When to keep away from a data lake
A data lake is not for everyone. Some corporations might not need it, and it’d make things worse. For example, Hiskey says data lakes usually are not for real-time work. “If you are looking for real-time, up-to-date info, a data lake is not for you. It’s for historical data. You’re still going to need a fast, transactional system.”

Wilhelmy says some industries gained’t permit data lakes because of their unorganized nature. “There’s no strong data governance of random bits and files, and no one understands what governance processes are around the data lake. A prerequisite would be a strong data-governance position. The organization would have to be at an intermediate or advanced level of maturity to govern data processes in a data lake, from taking it in and cleaning it to passing it out to the organization.”

And Joshua Greenbaum, principal analyst with Enterprise Purposes Consulting, doesn’t assume data lakes are a good concept at all. “In most cases, data lakes are a sign of laziness on the side of IT and not a case of strategic thinking. The laziness is ‘Let’s put our data in one place and think about it later,’” he says.

Greenbaum argues when you don’t know the problems you are attempting to unravel, you’re accumulating as many bricks as you possibly can because someday you need to construct something. “But if you don’t have a plan, all you have is a pile of bricks, and what if you need wooden beams? If you started with a design, you would know what you need to have.”
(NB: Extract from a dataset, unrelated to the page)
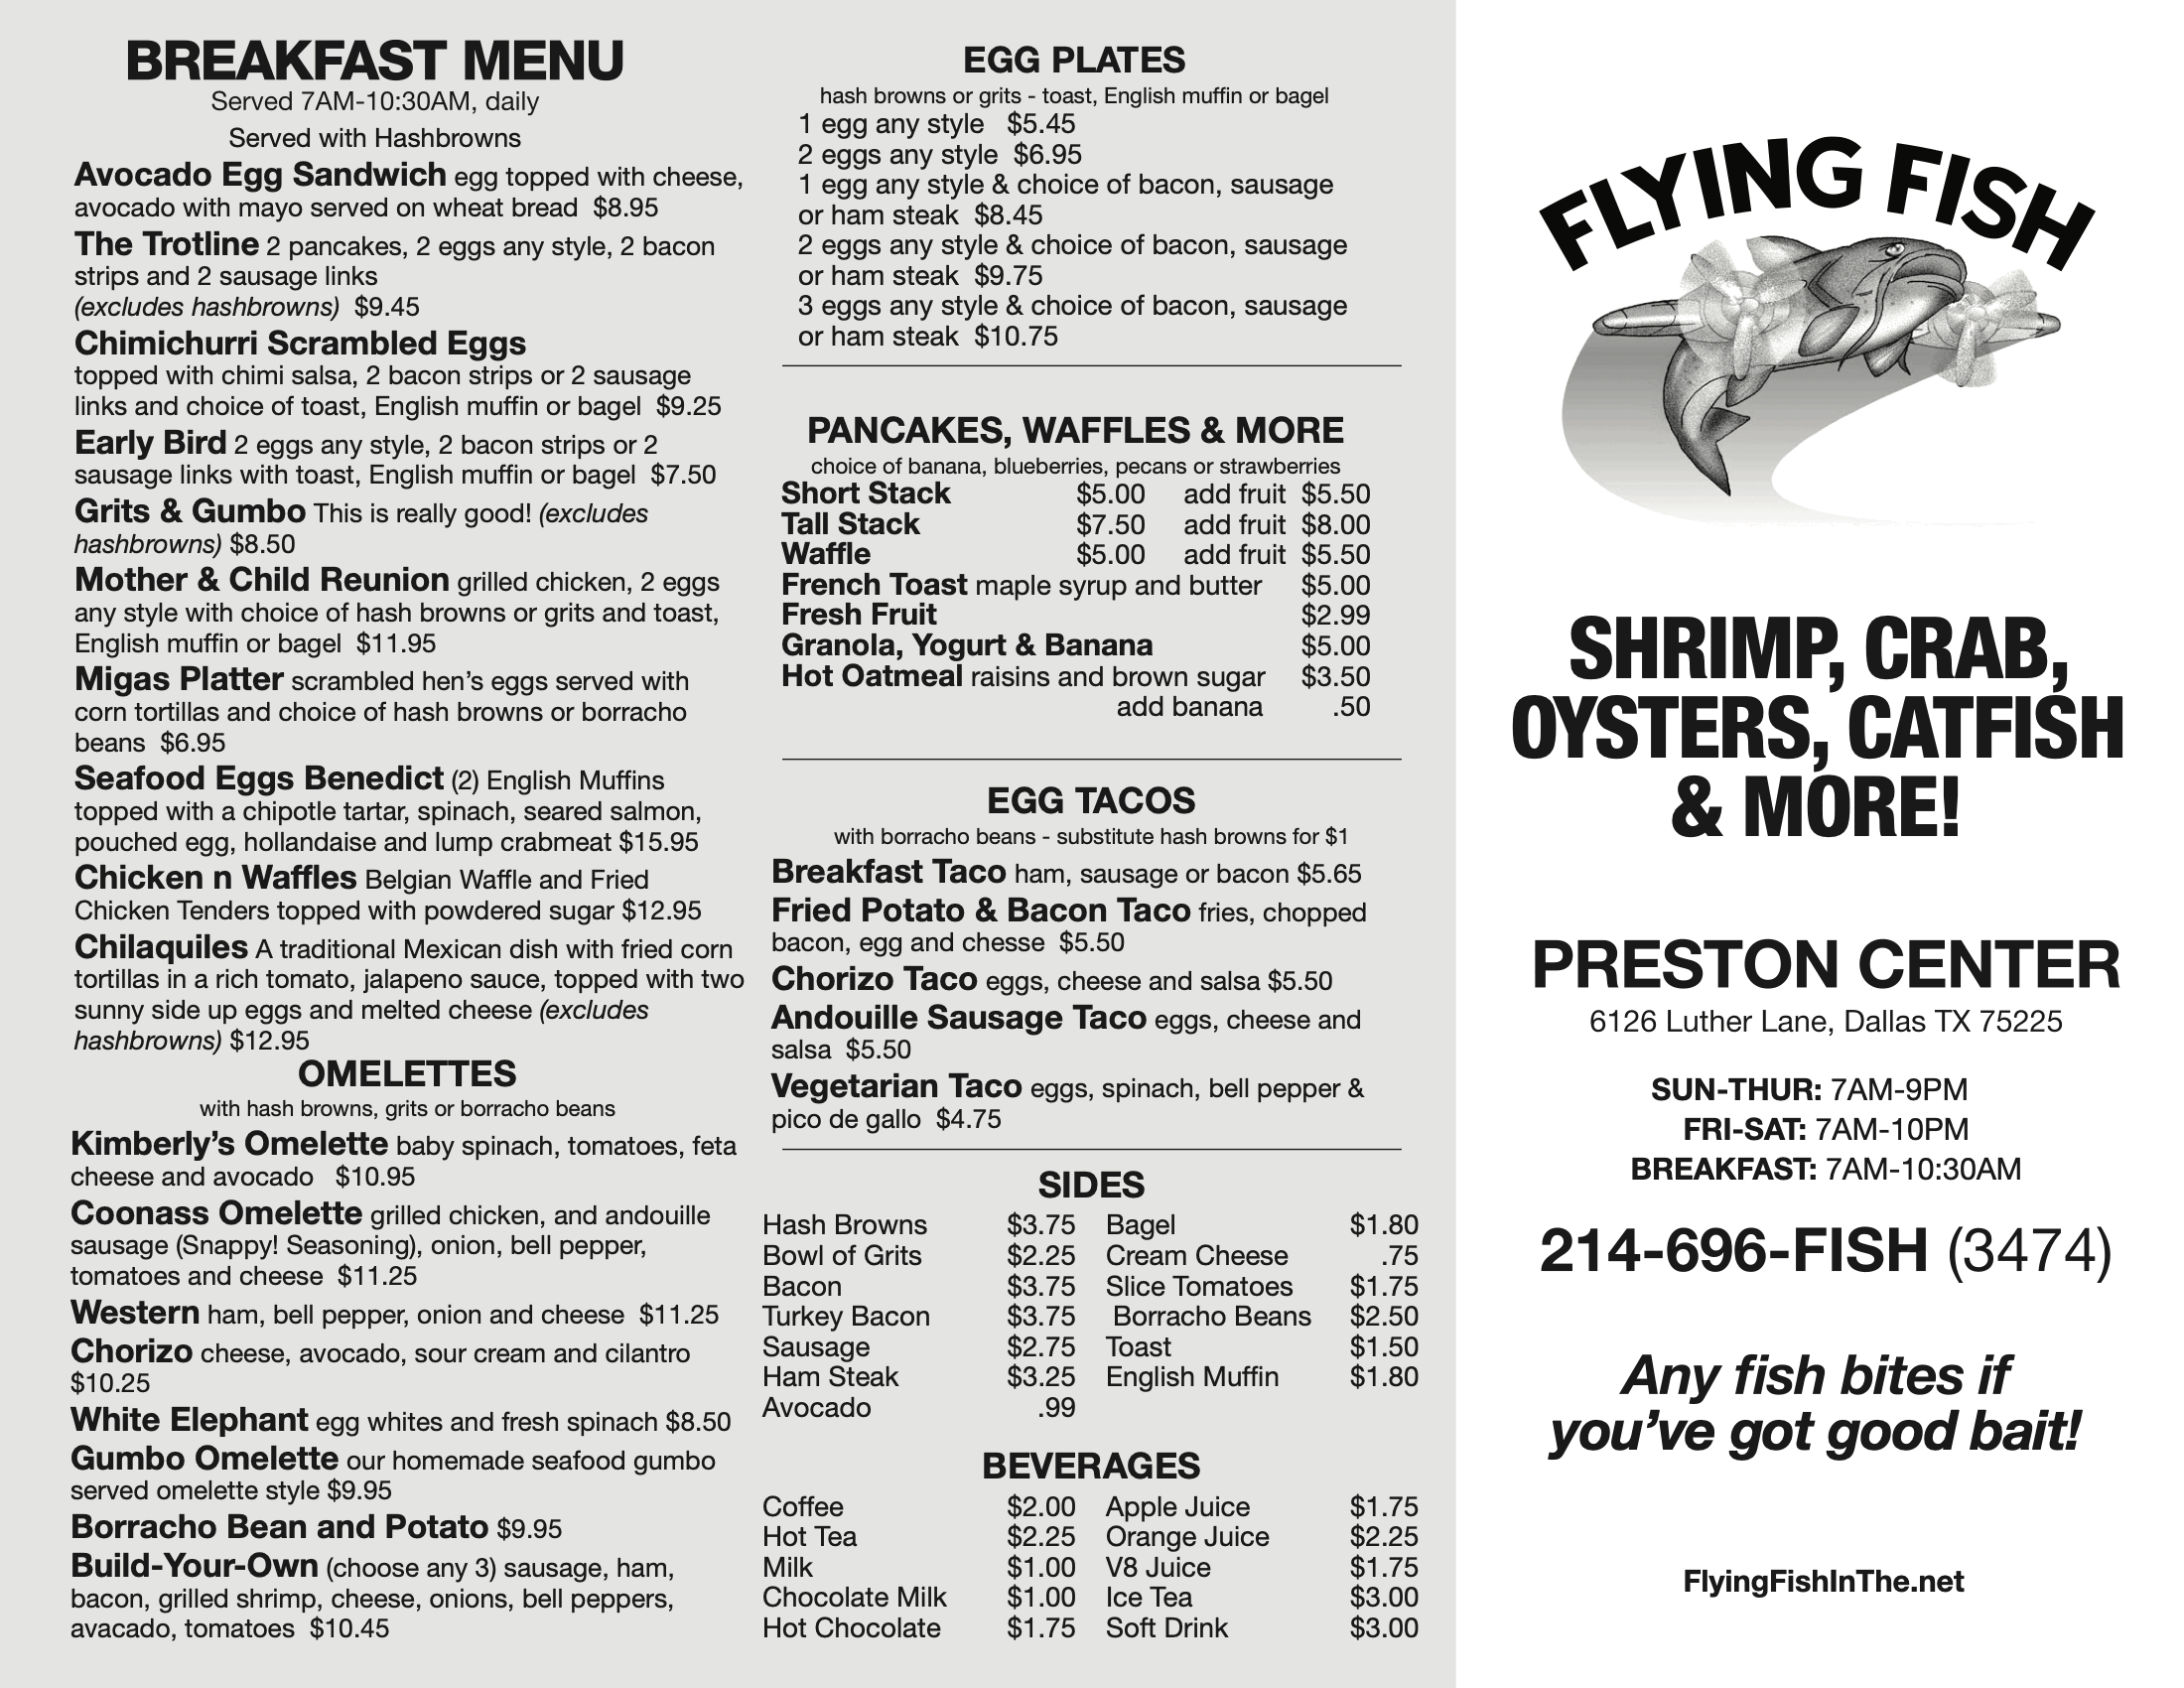 Flying Fish Preston Center's Breakfast Menu

His cynicism comes from seeing this happen earlier than with data warehouses. “This is a movie we’ve seen before, with different actors but the plot is the same and the end is the same. You are going to waste a lot of money on a data lake like [you did on] a data warehouse if you don’t do it strategically,” stated Greenbaum.

A data lake with no function is an costly “just in case” strategy. But accomplished strategically, it’s a superb solution to store info that you simply need to analyze and act on in several ways over time—customer patterns, for example—because you didn’t course of it to the purpose the place it may be used solely do one factor, as in a typical data warehouse.